Federal Mahkeme nihayet kararını açıkladı ve kentlerin tek tek dizel araçlara trafiğe çıkma yasağı koymasının önünü açtı. Bunun için genel bir Federal düzenlemeye gerek yok. Belediyeler buna kendi başına karar verebilecek. Mahkeme yasak kararının orantılı olmasına dikkat çekti ve bazı istisnalar yapılabileceği şansı tanıdı.
NİÇİN BU KARAR
Almanya'da kentler çok yoğun hava kirliliği altında. Solonum organlarını tahriş eden, sağlığa zararlı nitrik asit oranı çok yüksek. Hava kirliliğinin en yüksek olduğu kentlerin başında Münih, Stuttgart ve Köln kentleri geliyor. Buna en fazla trafikte dizel motorlu araçlar sebep oluyor. Nitrik asit oranının yüksekliğine yüzde 72.5 oranla trafikteki dizel araçlar neden oluyor. Almanya'da kentlerin nitrik asit değerlerini sınırlı tutması gerekiyor. Almanya Çevre Dairesi (DUH) bu sınıra uymayan Stuttgart ve Düsseldorf kentlerini mahkemeye verdi. Mahkemeler kentlerin bu sınıra uyması gerektiği kararıyla dizel araçların trafikten menedilebileceği sonucuna vardı. İki kent mahkemenin kararına Federal İdari Mahkeme nezdinde itiraz etti.
REDDETTİ
Federal İdari Mahkeme itirazları reddetti ve kentlerin nitrik asit sınırına uyması gerektiğini vurguladı. Böylece Federal İdari Mahkeme nitrik asit sınırını aşan kentlerde belediyelerin tek tek dizel araçlara trafiğe çıkma yasağı getirmesinin yolunu açtı. Bunun için belediyelerin federal bir düzenleme beklemesi gerekmiyor.
NE OLACAK
Almanya'da her gün milyonlarca dizel araç trafikte. Kararın uygulanması Almanya'da hayatın felce uğraması anlamına geliyor. İtfaiye, cankurtaran, polis ve tesisat araçlarının bu yasağın dışında tutulması isteniyor. Federal mahkeme böyle bir istisna yapılabileceğini belirtti. Ancak yük getiren TIR'lar, bir şehirden bir başka şehre çalışmaya giden Dizel sürücüleri yasaktan çok olumsuz etkilenecek. Dizel yasağı nedeniyle trafiğe çıkamayacak olan sürücülerin tazminat hakkı da bulunmuyor.'
Bu kararlar gündeme gelmeye başladıktan sonra ne olursa olsun 25-30 yıl sonra da bizde uygulanmaya başlıyor. Örneğin 70 yılları yaşayanlar iyi bilir, o yıllarda dolmuşta, şehirlerarası otobüslerde, kapalı mekanlarda sigara içiliyordu. Hatta ben ortaokuldayken çok iyi hatırlıyorum öğretmenler ders bitiminde sınıftan çıkar çıkmaz koridorda, öğretmenler odasına gitmeden sigara yakıyordu. Çok geçmeden 80 ihtilalinden sonra bunlar pozitif olarak hayatımıza yansıdı. Hiç kimse inanmıyordu ama bir anda oldu.
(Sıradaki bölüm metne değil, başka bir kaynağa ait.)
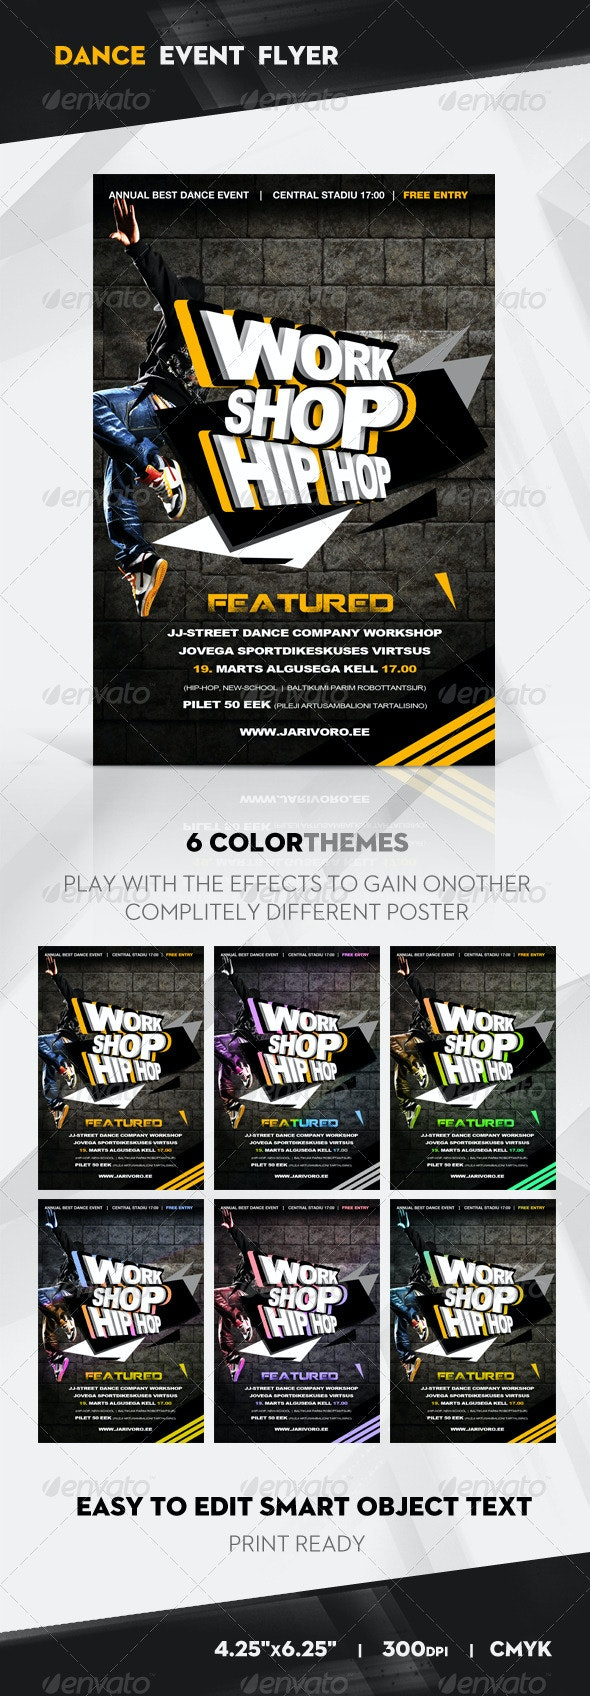 Work Shop Hip Hop Flyer / Poster - Clubs & Parties Events

Bunları yaşayan biri olarak yerli araba konusunda da seçim yapılırken dünyanın gittiği istikamet çok iyi düşünülmeli ve seçimler ona göre yapılmalıdır derim. Benzin veya dizel yerine belki de elektrikli otomobil düşünülmelidir ama daha yer bile seçemeyen, her yöreye mavi boncuk dağıtan bir yönetim tarzı için belki de bu düşünceler çok ütopik kaçıyor.